Nine juveniles on Friday were ordered detained on charges stemming from what prosecutors contend was a gang-based attack on another student on a school bus ride home.
Chatham County Juvenile Court Judge Lisa Goldwire Colbert found sufficient evidence during day-long detention hearings to link each to the Feb. 21 attack on a 13-year-old female student in the back of the bus.
Their next court appearances are scheduled for Wednesday, when they will enter pleas to the charges.
Each is charged with a total of 11 felony and misdemeanor offenses, at least some of which are designated felonies, reserved for the most serious juvenile offenders.
They range from simple assault to aggravated assault, participating in gang activity, inciting a riot, rioting and disrupting schools.
“This was a gang activity and it is a serious offense,” Assistant District Attorney Kin Rowden argued Friday.
“This whole case has just been a terrible case,” Colbert agreed.
A total of 17 people, including a 17-year-old, are being sought in connection with the case. Eight more remain outstanding.
The incident occurred Feb. 21 on a bus carrying students home from the Ombudsman Alternative Learning Program site on Brampton Road in Garden City.
Those are designed for students who have run afoul of disciplinary rules in other system schools. Most of those charged Friday have juvenile records.
Testimony Friday included Savannah-Chatham schools Superintendent Thomas Lockamy having determined that each offender be permanently expelled from the system.
According to Board of Education police officer Brenda Johnson, a group of students exhibiting gang signs and related behavior beat the female, including ripping braids and causing a four-inch bald spot on the victim’s head.
A second student, a male, also was attacked in the same incident, but that case remains under investigation, Johnson said.
“We see it quite often in schools,” Johnson testified of gang activity. “It appears that in the video, you see different westside gang signs being shown.”
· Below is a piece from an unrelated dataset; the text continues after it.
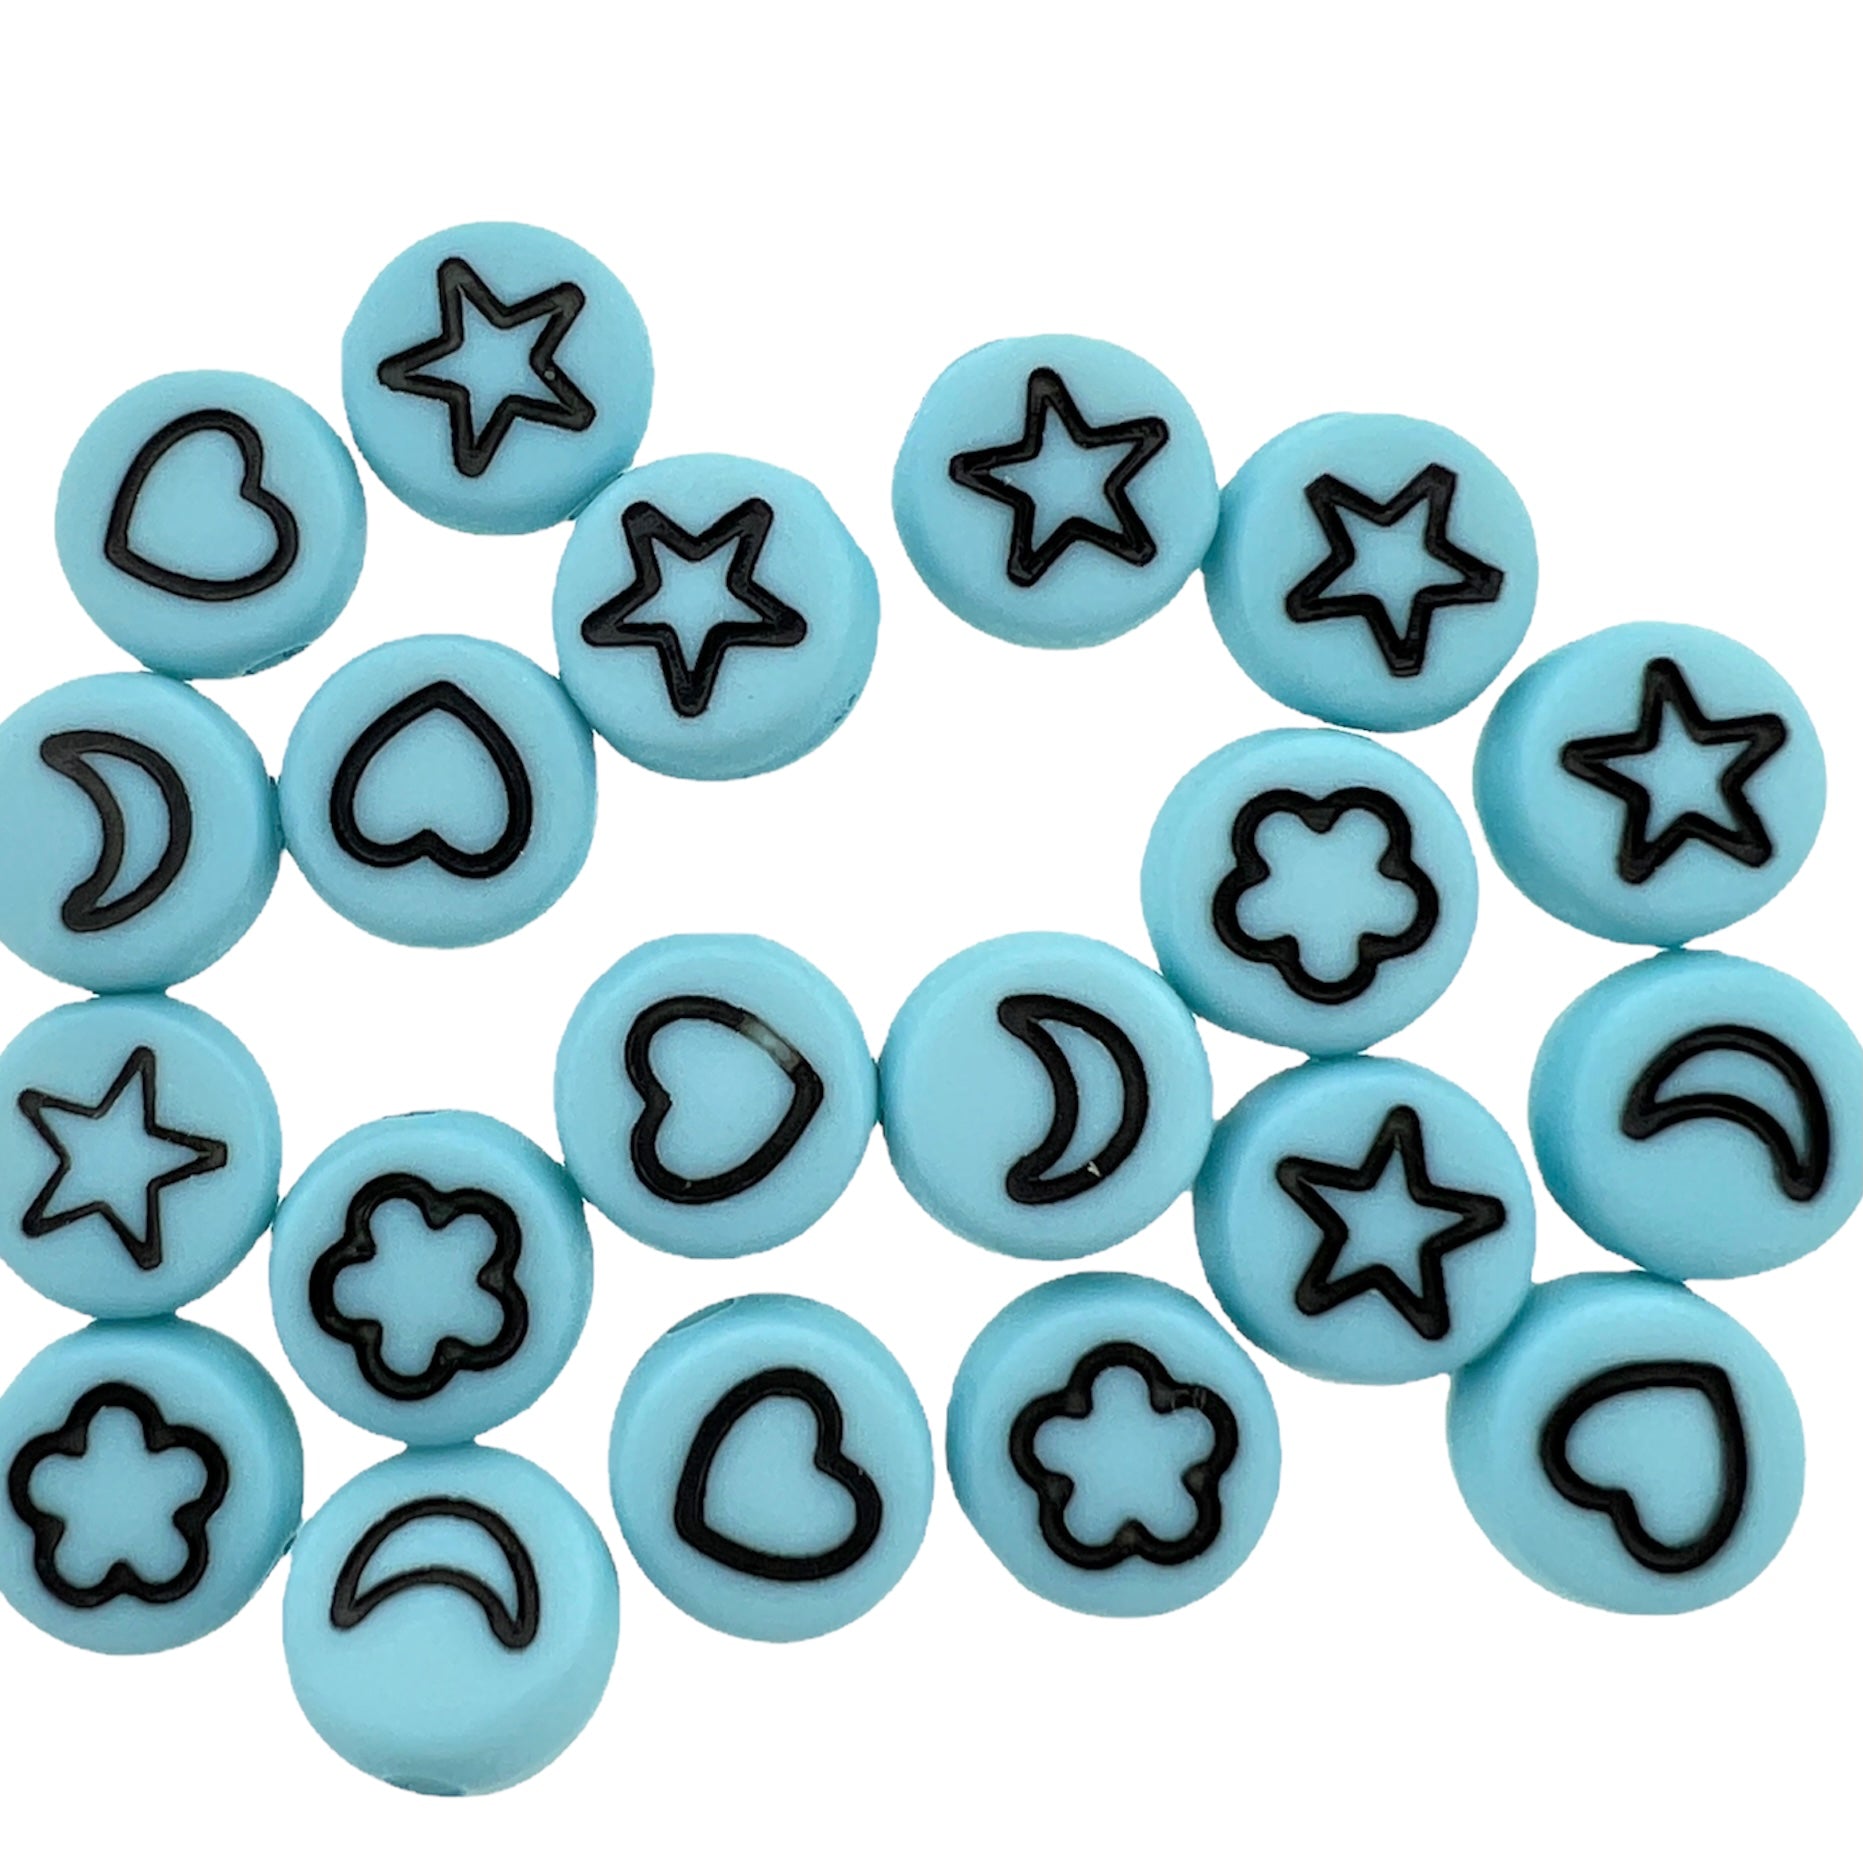 Acryl letterkralen wolk/maan/hart/ster blauw-zwart 7mm - 20 stuks-Kralen-Kraaltjes van Renate
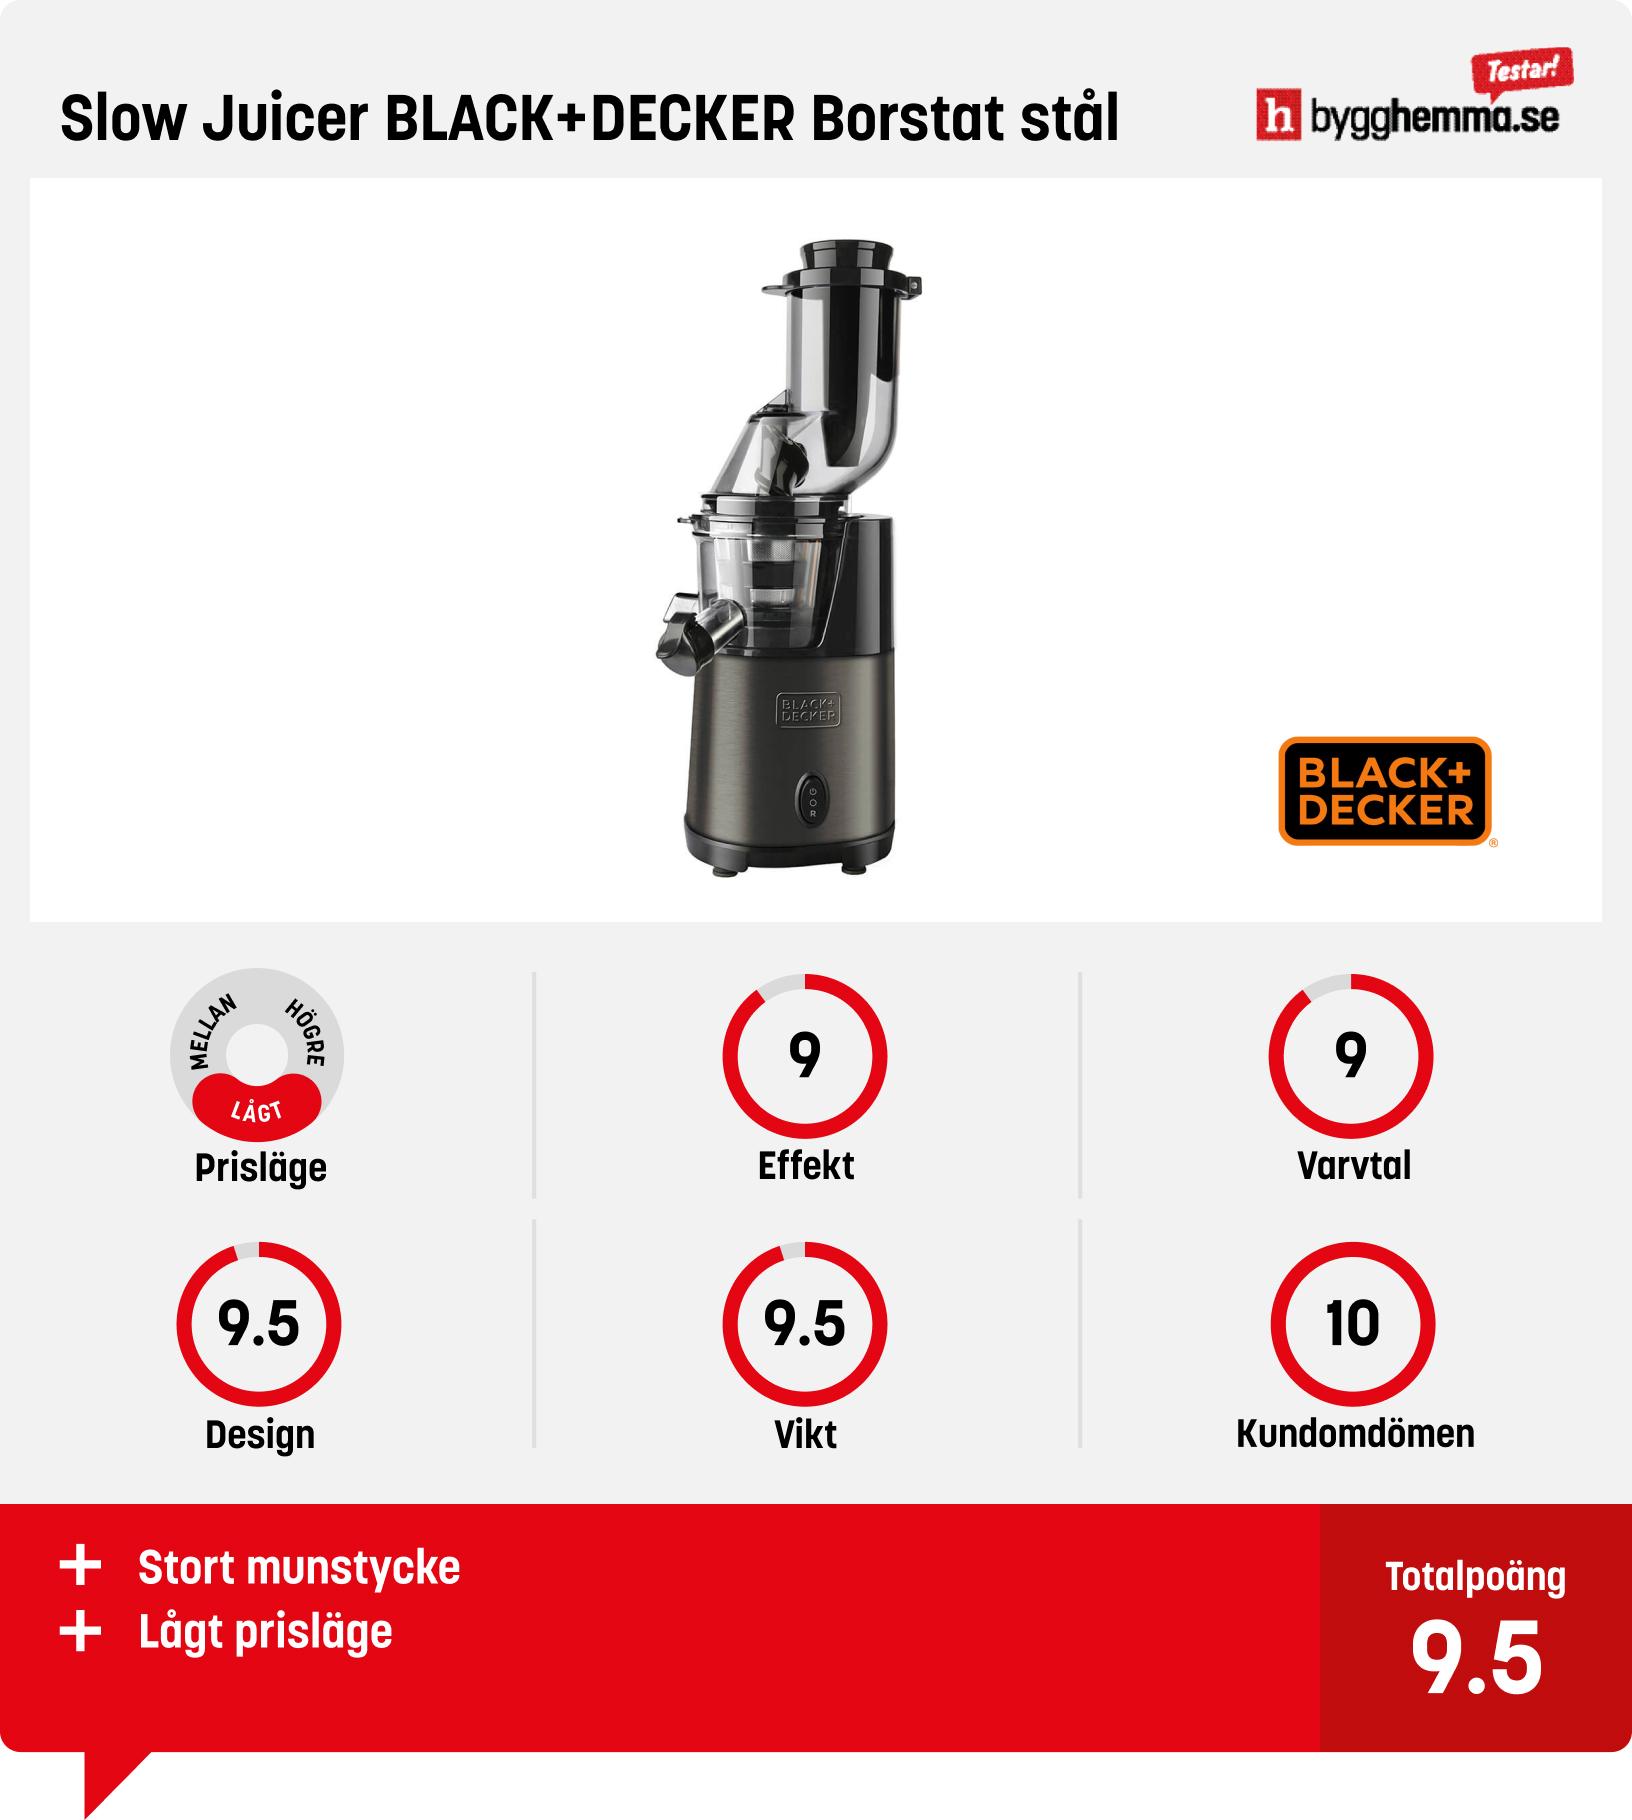 Slowjuicer bäst i test - Slow Juicer BLACK+DECKER Borstat stål

The 25-minute video, played in court, captured the entire incident, including prayers for the victims and chants prosecutors said are associated with gang conduct.
Johnson said that while she could not put her finger on who said what in the video, it showed what she called “known gang hand signs” and chants.
“It very much appeared to me either a beat in or beat out” of the victim, she said.
In the video, the First Student bus driver attempted to stop the attack before finally notifying campus police of the fight and turned the bus back around to return to the Brampton Road site.
Only three students on the bus were not charged.
At the end of the video, students are seen jumping through windows and out the front and back doors to flee.
“I’m about to call campus police on your butts,” the driver tells the kids. “If you get out on the street, you’re on your own.”